** Exercise brief **
Every line of the listing below is to be repeated exactly; the pictures stay out.

** Source material **
*** Block opens ***
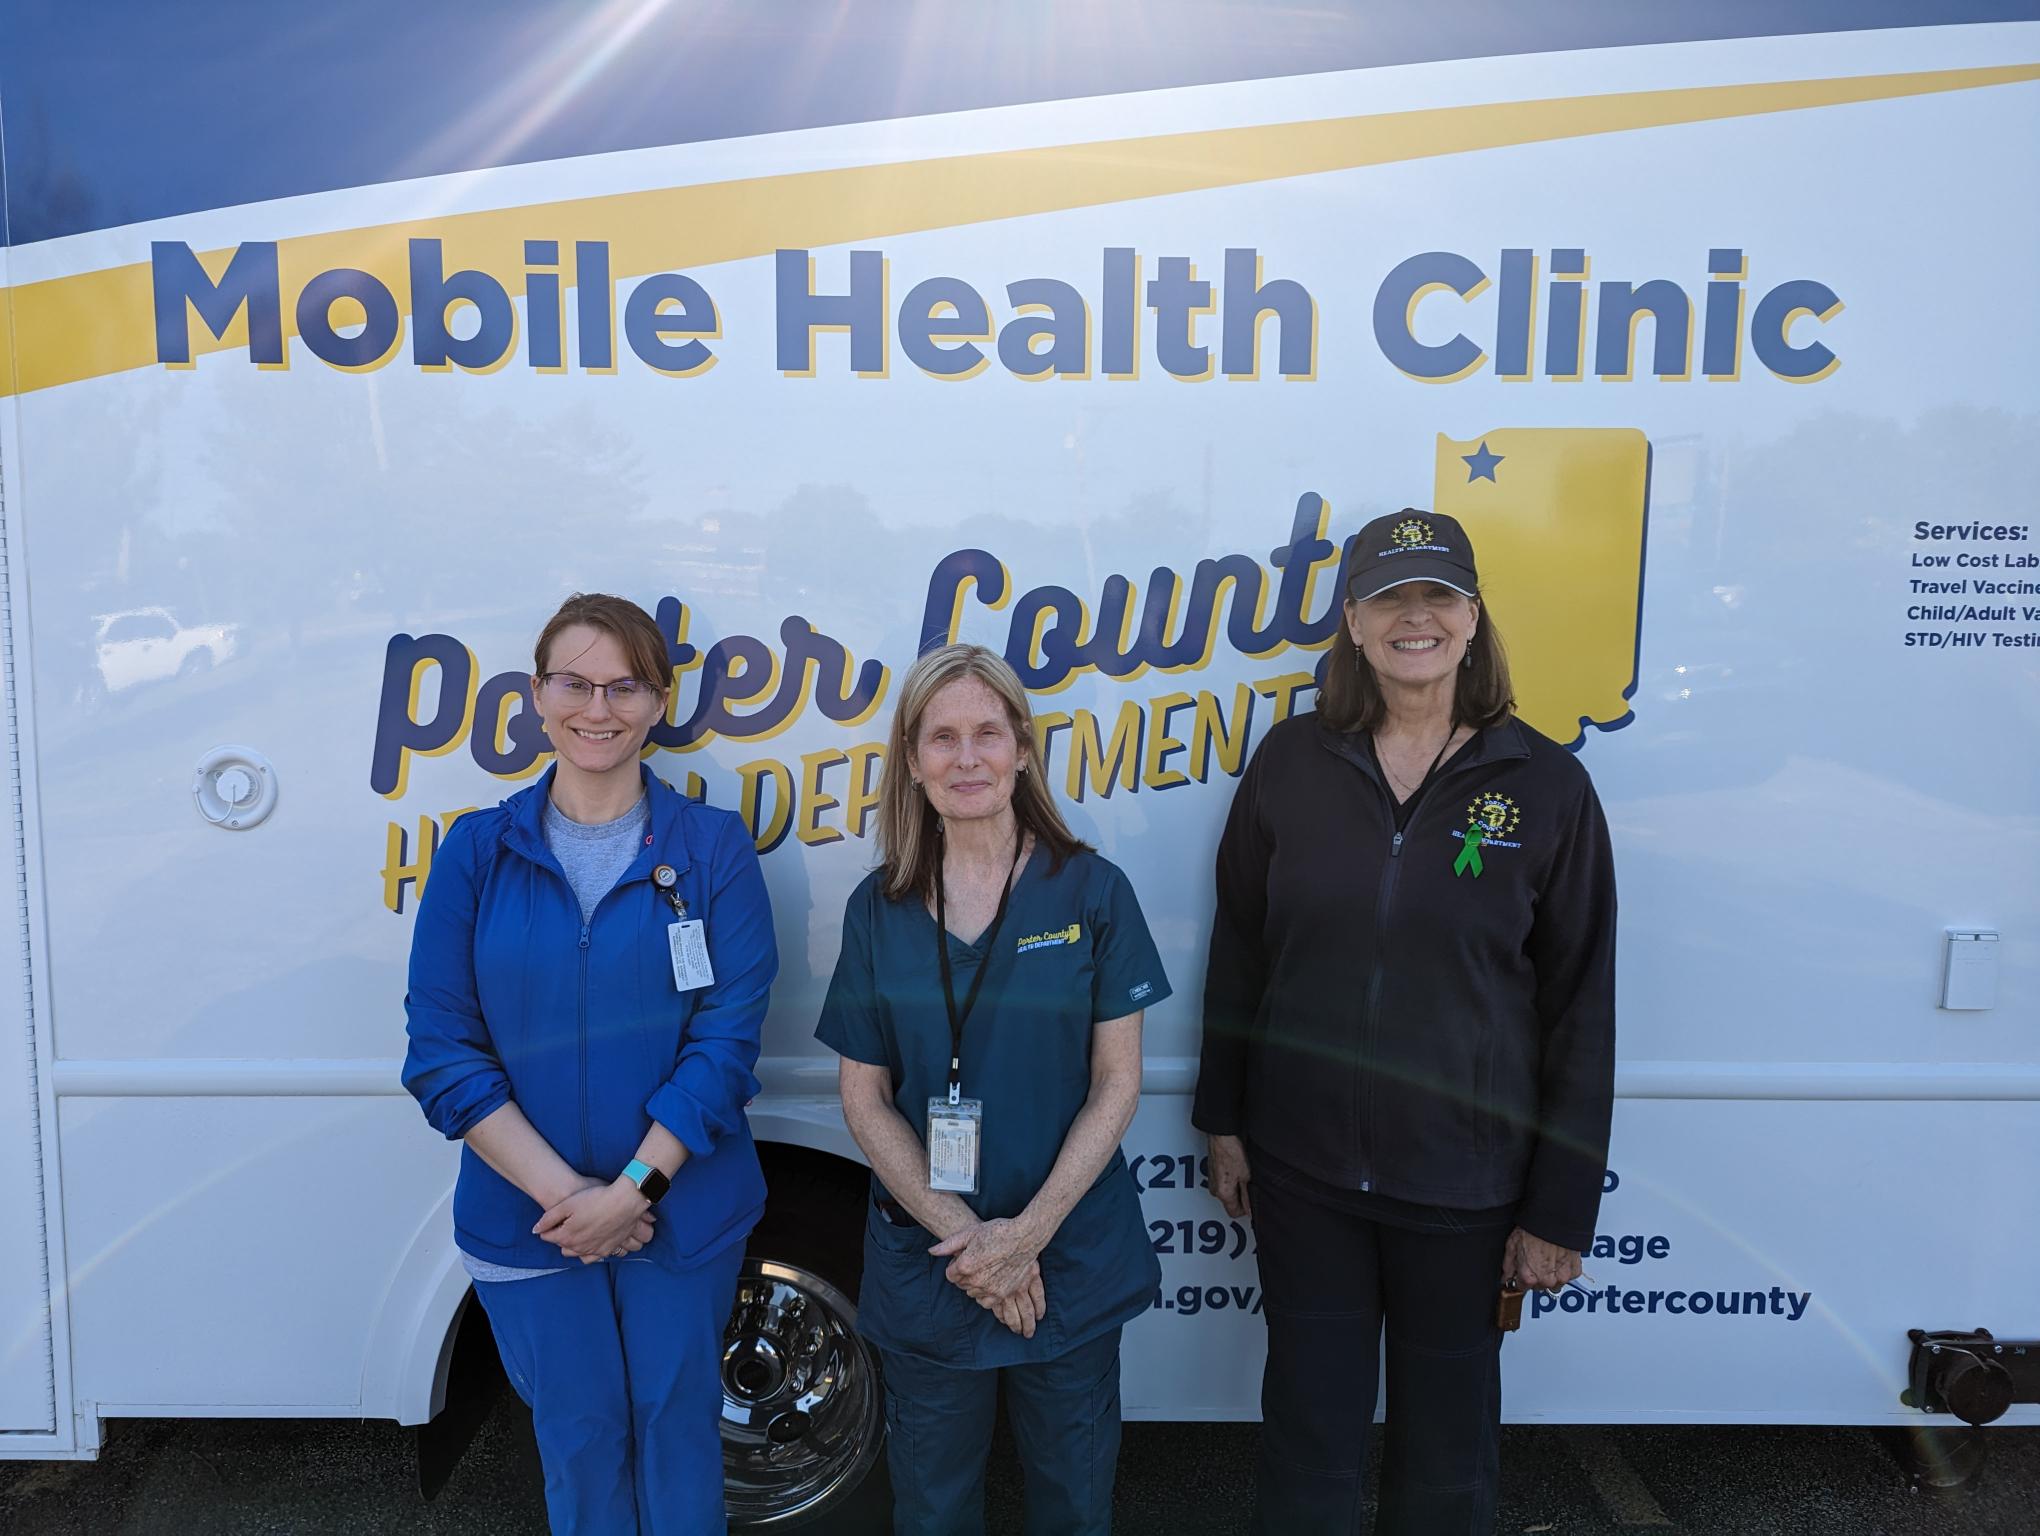 The Porter County Health Department uses the new mobile health clinic for the first time
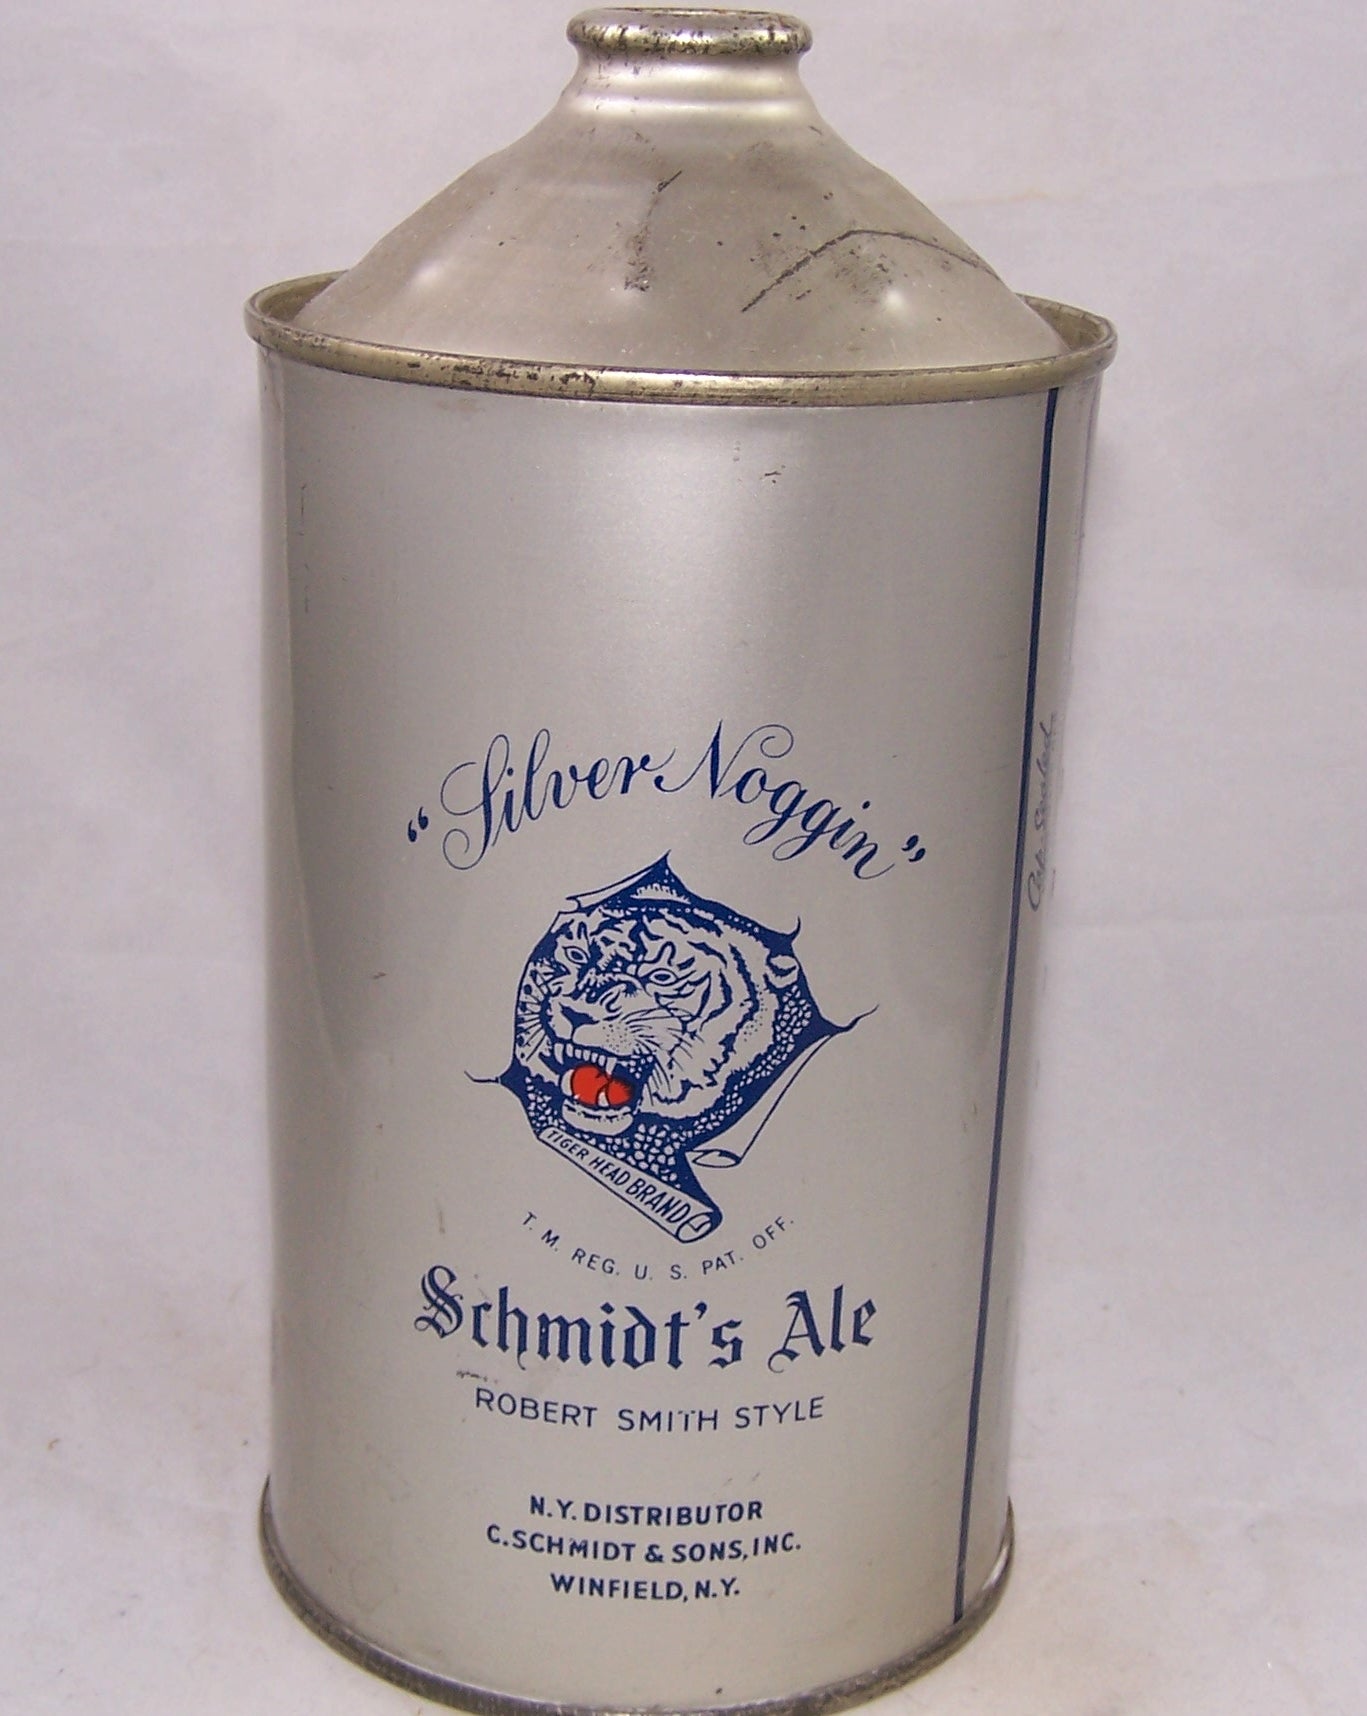 Schmidt's Tiger Brand Cream Ale, USBC 218-18, Grade 1/1+ to A1+ Sold on 12/01/17
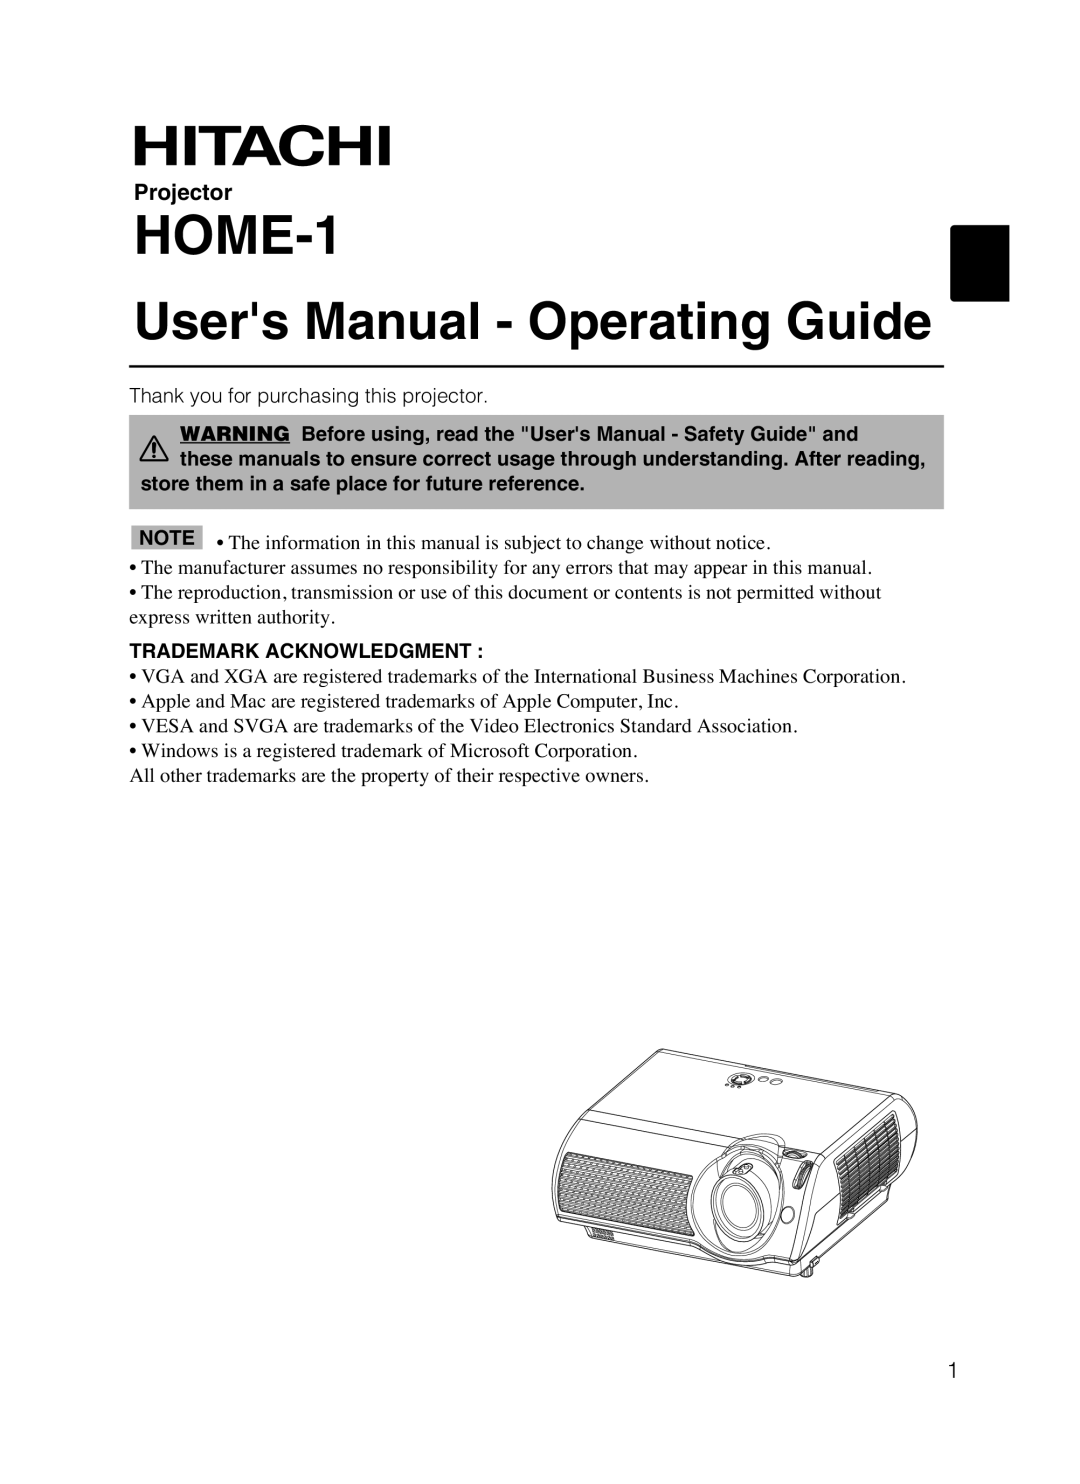 Hitachi HOME-1 user manual Projector, Users Manual - Operating Guide, Trademark Acknowledgment 
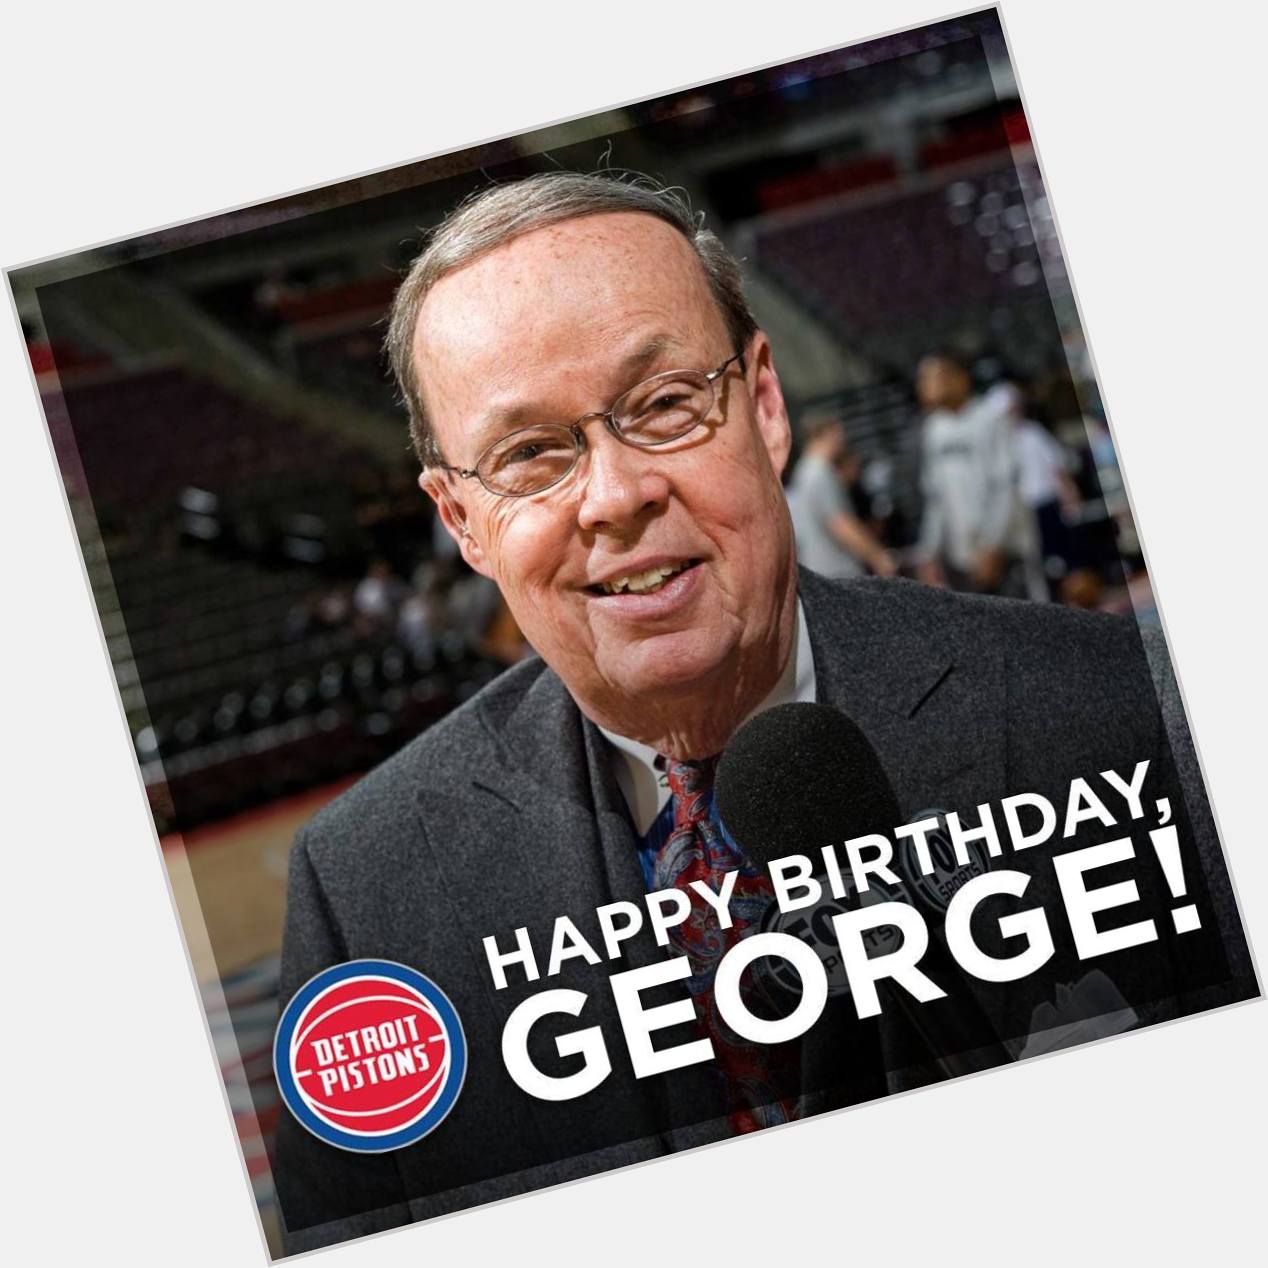 Join us in wishing a Happy Birthday to the legendary George Blaha!
*** Block closes ***
** Result **
 The Porter County Health Department uses the new mobile health clinic for the first time
 Schmidt's Tiger Brand Cream Ale, USBC 218-18, Grade 1/1+ to A1+ Sold on 12/01/17
 Hitachi HOME-1 user manual Projector, Users Manual - Operating Guide, Trademark Acknowledgment 
 Join us in wishing a Happy Birthday to the legendary George Blaha!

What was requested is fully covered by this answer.